Ouch that is a mess of a comment. You are mixing up bacteria, cells diseases and viruses in an awful mess.
So to make it clear:
You have bacteria living in you, some permanently, some more transiently (the latter ususally includes the one that you will receive antibiotics for). There is ahuge diversity among those bacteria, notably in the case at hands in terms of sensitivity to antibiotics. Some will be fully resistant, some will be fully sensitive and some will just see their growth survival compromised. The different level of resistance can come either by the presence of pre-existing resistance genes (which are not always counter selected, but that message is already too long to give more details) or because some mutations confered resistance to some part of the bacterial population. When you take the antibiotic, all the sensitive bacteria in the population that get exposed to the antibiotic will die, and the resistant population suddenly has plenty of ressource available and take over. So the frequency of resistant strains increase in your population, and you now start to shed mostly resistant strains, which can in turn get into the rest of the community.
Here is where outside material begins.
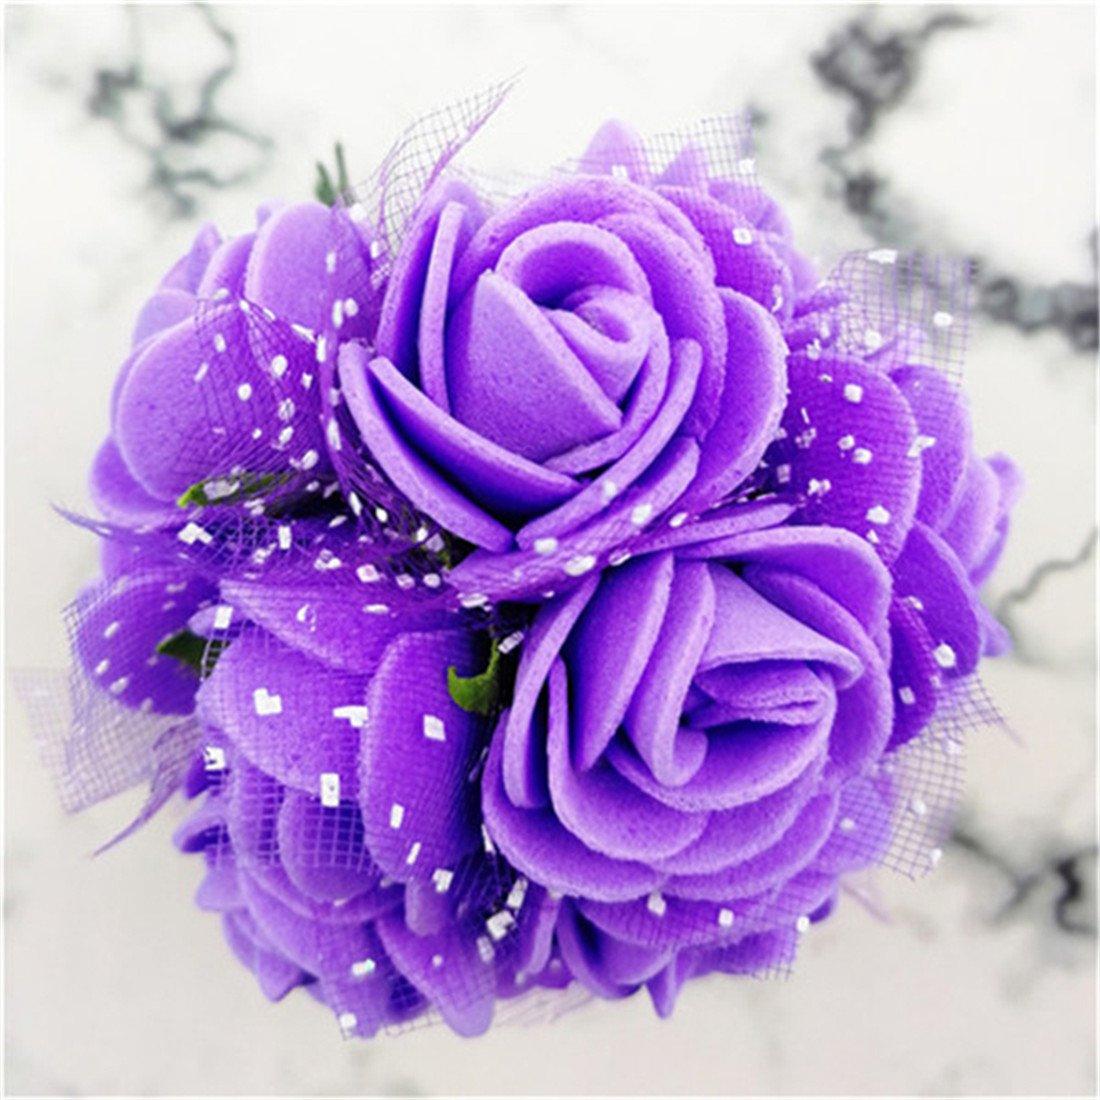 ramos bricolaje boda blanco Rosa artificial de flores baby shower gran decoraci/ón cumplea/ños fiesta 144 piezas de rosas de espuma de polietileno con velo para decoraci/ón del hogar
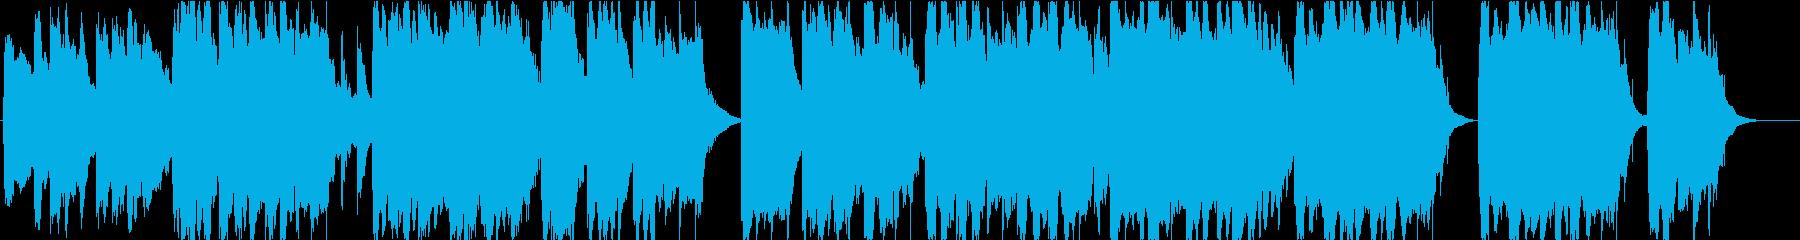 哀愁のある幻想的でノスタルジックなBGMの再生済みの波形

As blcr11 said, nothing but darwininan selection here.But your cells are not disseminated, and are resistant to the antibiotic (otherwise it would kill you too), so whatever happenes to your cells is not relevant. And antiviral molecules have completely different modes of actions, and usually have side effects that are not really worthy to fight a cold (but much more to fight AIDS for example), that is why in some case it is better to let your immune system handle things.
- May 25, 2007 at 2:22 pm #73148david23Participant
lets not use the word mutate so lightly. After all bacteria dont like mutation either. Viruses on other hand have enzymes that purposely create variations in their genes, or lack error proof mechanisms unlike bacteria and of course humans.